Monday, November 22, 2010

Search Engine Rankings 2008 - 2010 (Nov)

Google's Downward Trend Reversed at Yahoo's Expense
Whenever comScore, Inc. releases their search engine rankings, everyone who blogs about search engines or SEM comments on the new statistics. ComScore released their October 2010 results a few days ago and I've been reading lots of posts about the new data.

In March of 2010, I created a graph which shows the U.S. search engine ranking from comScore for the top five search engines from January 2008 to February 2010, because I had not see anyone assemble the data in one place before.

Here is an updated version of that graphic.

You may have noticed that in early 2010 Google began to trend down until September.

In September Google's share of searches bounced back. And now is closer to their recent historical levels.
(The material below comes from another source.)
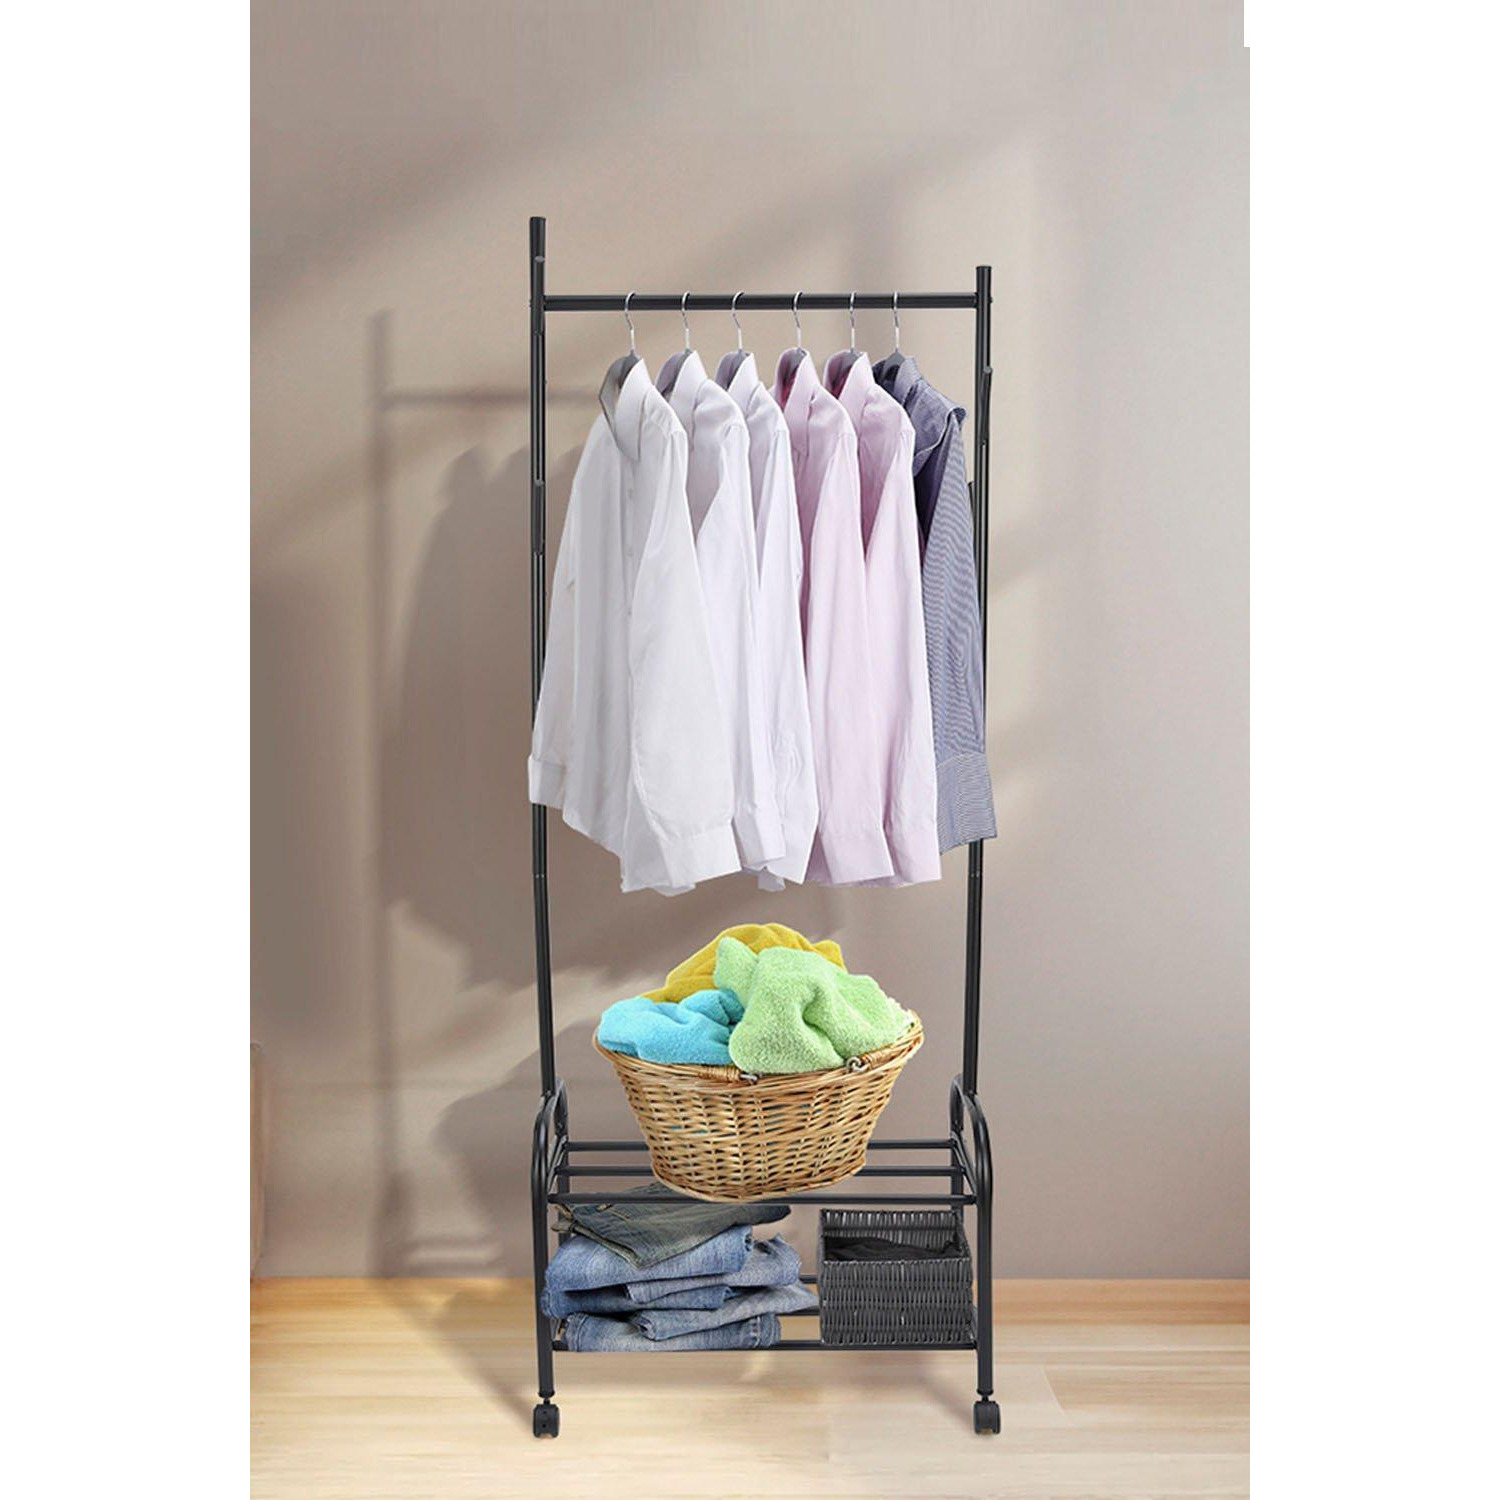 60cm Double Rail Clothes Rail Hanging Display Stand - image 1

One might think that Google's improvement was related to the MSN / Yahoo merger (announced July 28) or Google Live (launched Sept 8). But I think it has more to do with comScore Tweaking their methodology.
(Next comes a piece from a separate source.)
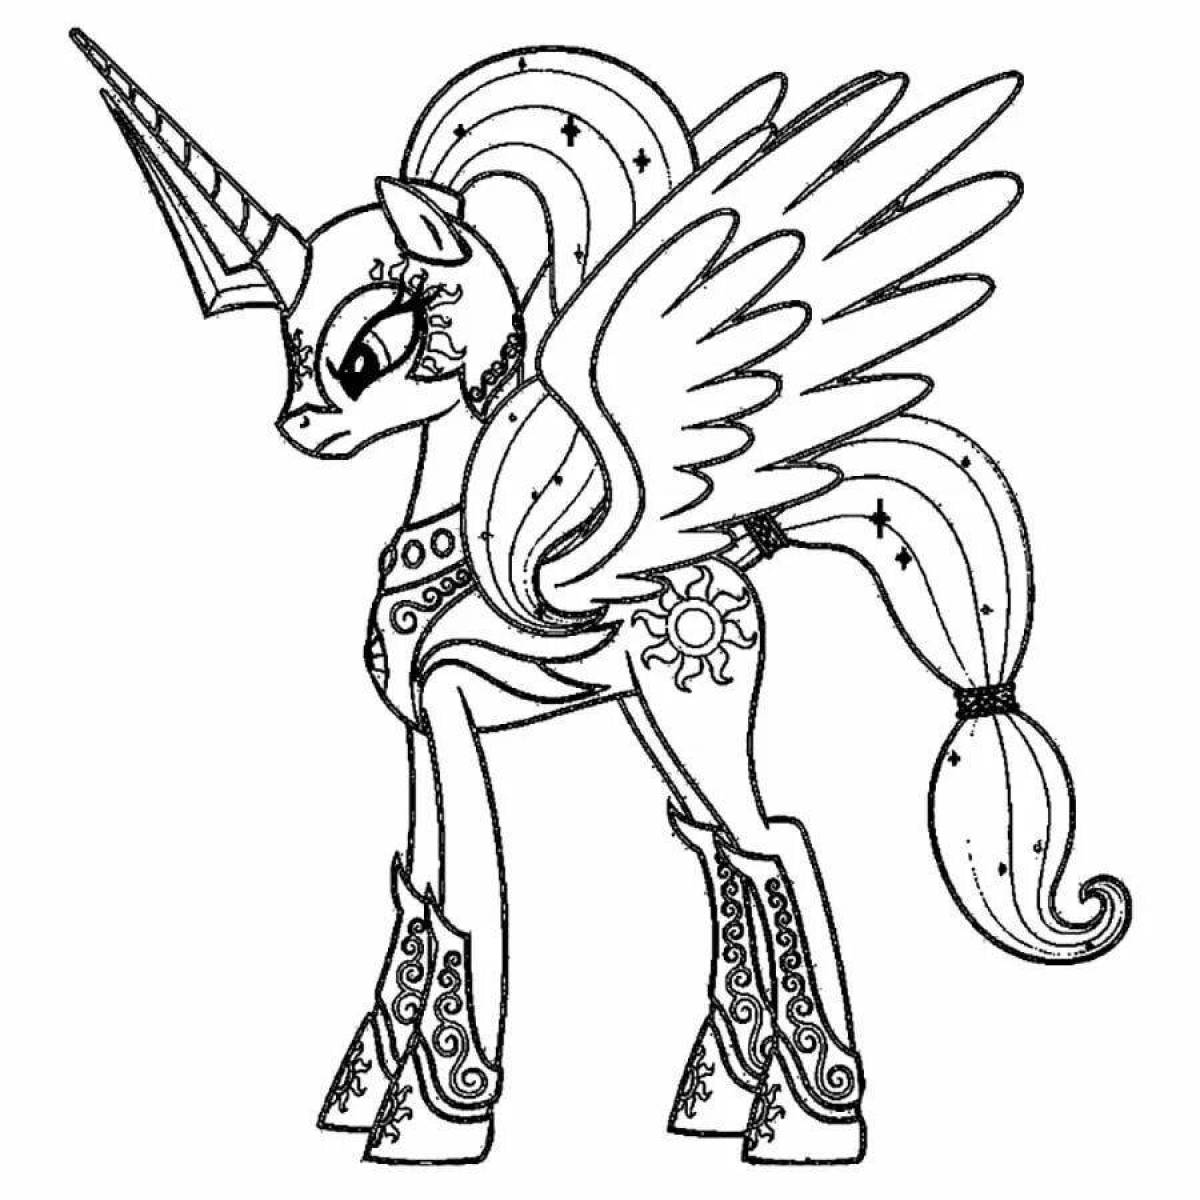 Violent pony coloring with wings

Back in June comScore said they where going to adjust their methodology because Yahoo and MSN were gaming the system.The release was scheduled with the release of July's data.

What do you think? Please leave a comment and let me know.

Download the excel file used to generate these chart.

This data based on comScore's Core search report data.

Friday, November 19, 2010

SEO and Social Media Weekly Reader Nov 19, 2010

Friday is Reading Day
If you are looking for articles related to SEO or Social media, take a look at this list. I assemble it over the week and post it every Friday.
  1. UIEtips: Five Usability Challenges of Web-Based Applications (UIE.com Nov 17, 2010) A well thought out and organized list of tips for people build web applications or large websites.
  2. Are you keeping up with Google? (searchengineguide.com Nov. 10, 2010) How is the busy SEO suppose to keep up with all these changes? "... the best way to keep up with Google is to continually focus on what your customers need..."
  3. 4 Ways to Sell Inbound Marketing to Your Manufacturing SEO (blog.hubspot.com Nov. 18, 2010) Four concrete suggestions on how to approach this task.
I'd be interested in hearing about any blogs or websites you follow, which contain informative articles about Search Engine Optimization, Search Engine Marketing, or Social Media Marketing.

Monday, November 15, 2010

What SEO Tips Can We Learn from a Restaurant

SEO and serving food don't seem to have much in common but if you think about it they do. A well run restaurant is always thinking about their customers, giving them what they want. An excellent restaurant treats the customer better than they expected.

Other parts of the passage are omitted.